▶ The task
From the line that contains "Couple enjoying time in bed" down to the last line of the listing below, reproduce each line exactly but not the pictures.

▶ Provided data
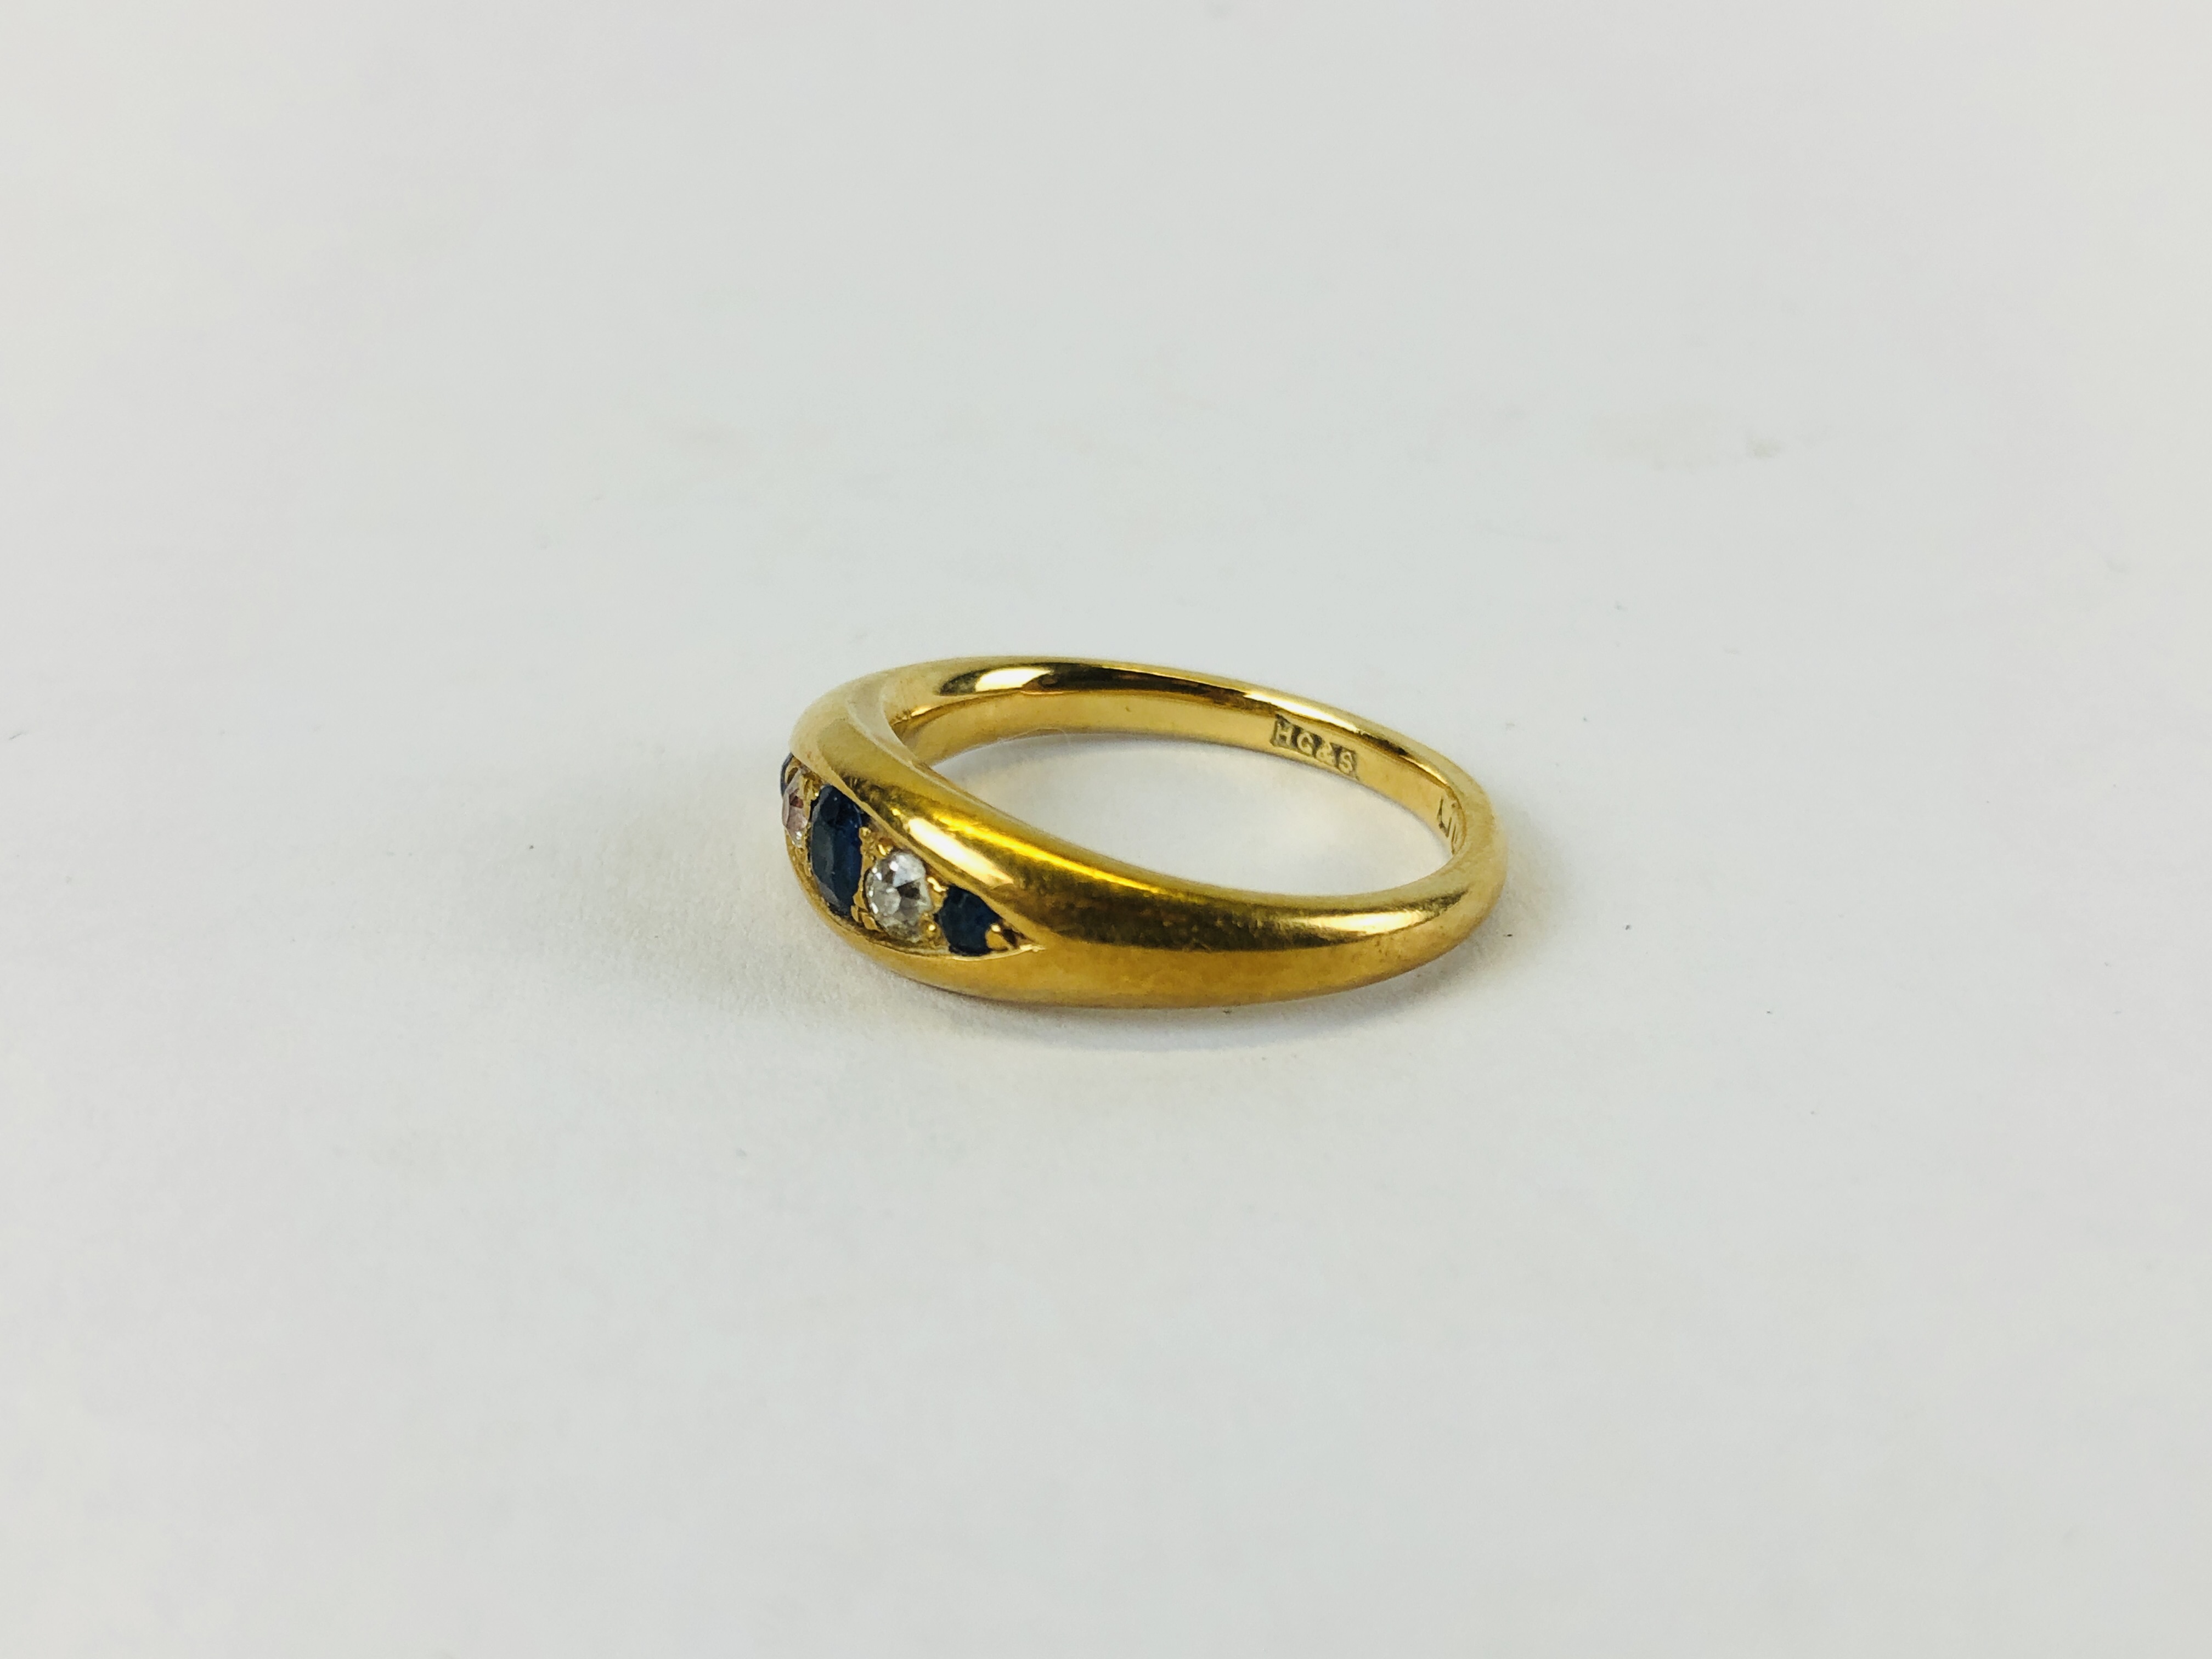 AN ANTIQUE 18CT GOLD DIAMOND AND SAPPHIRE GYPSY RING. - Image 4 of 12
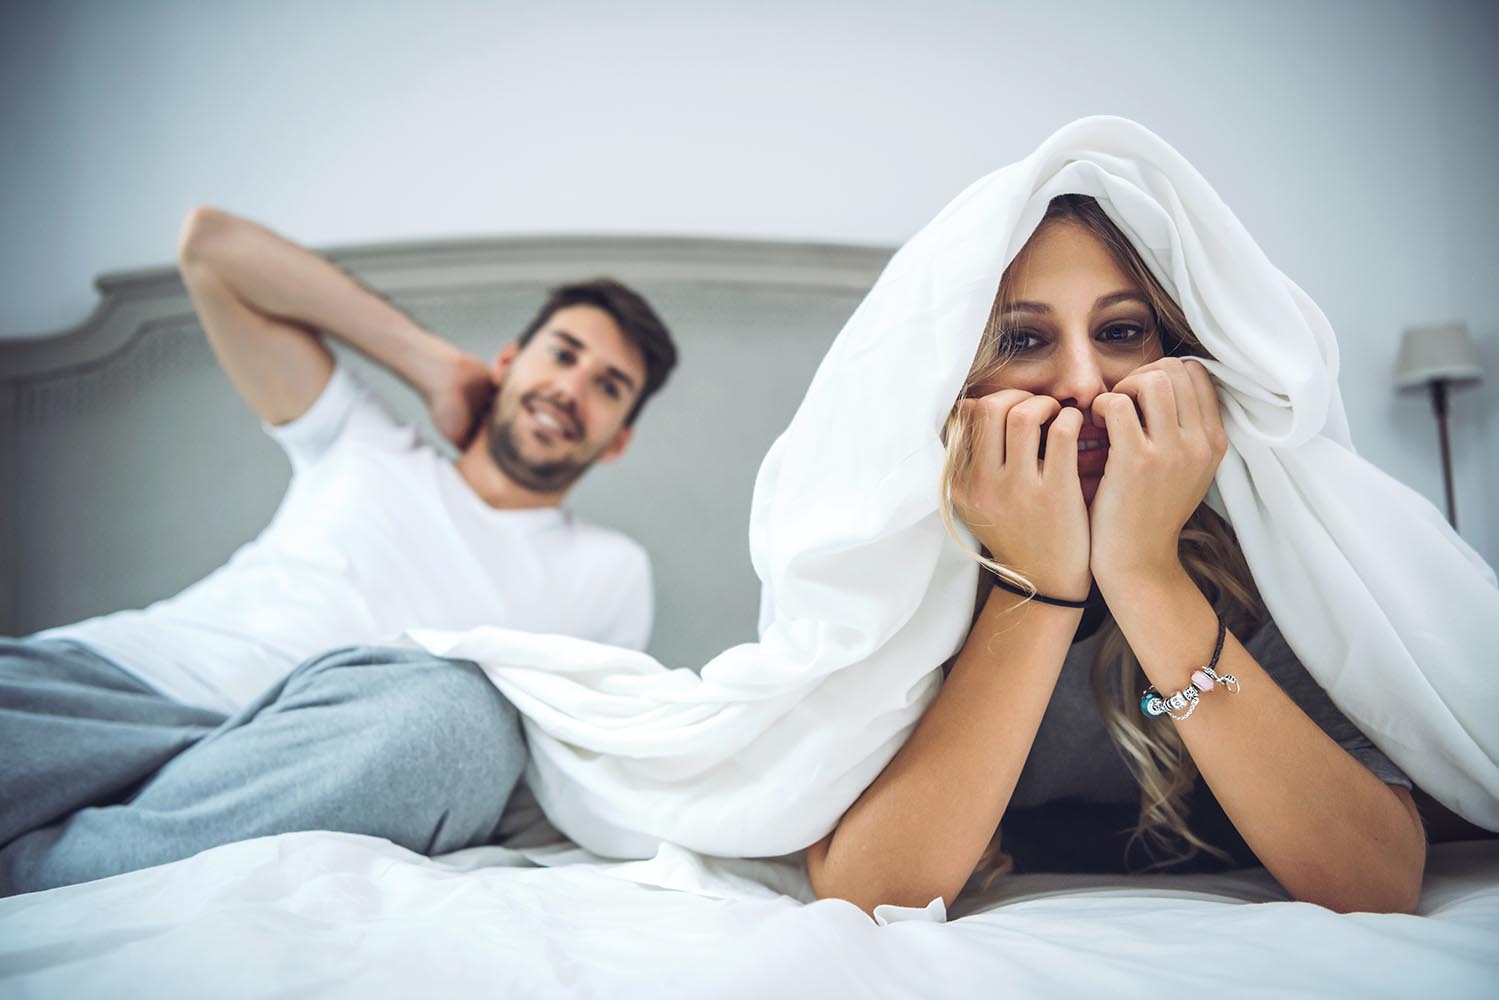 Couple enjoying time in bed
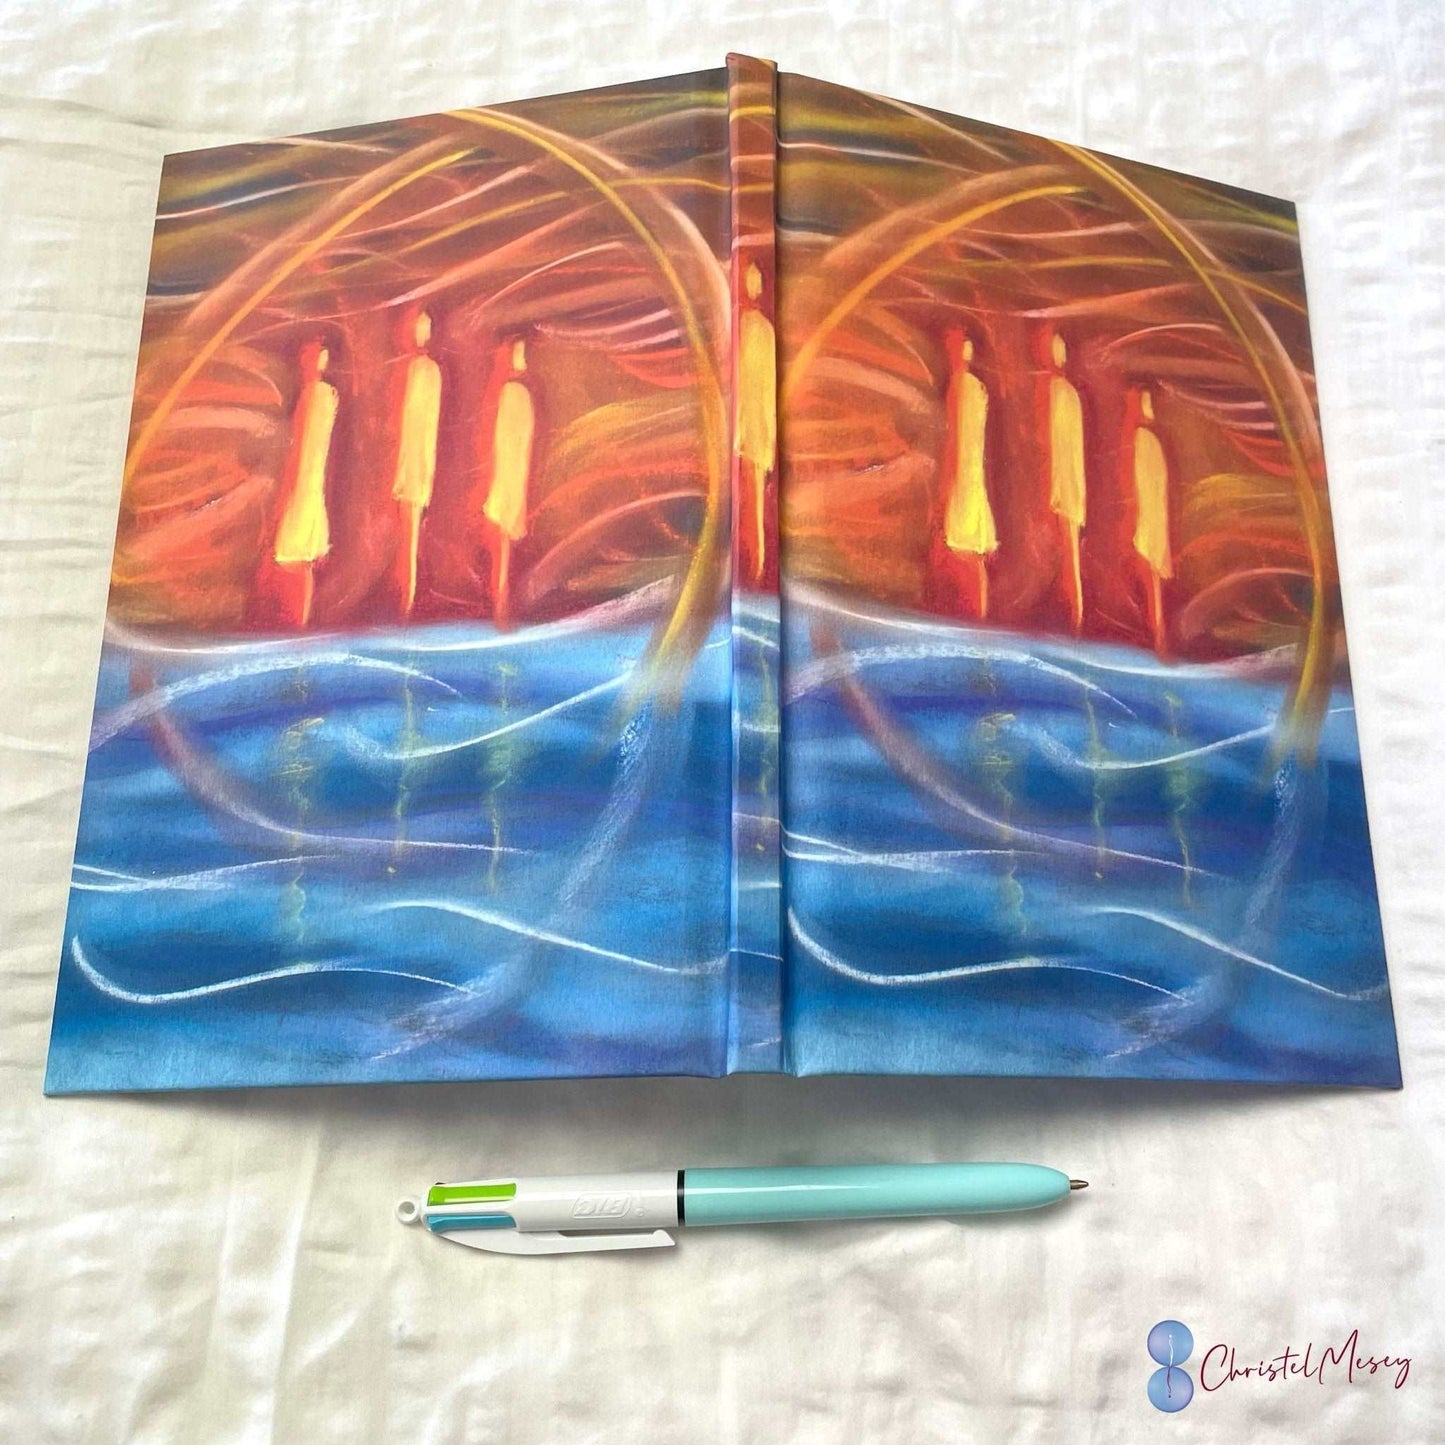 NOTEBOOK - FireNOTEBOOK - Fire and Water - Hardcover with Dotted pages

▶ Response to the exercise
 Couple enjoying time in bed
 NOTEBOOK - FireNOTEBOOK - Fire and Water - Hardcover with Dotted pages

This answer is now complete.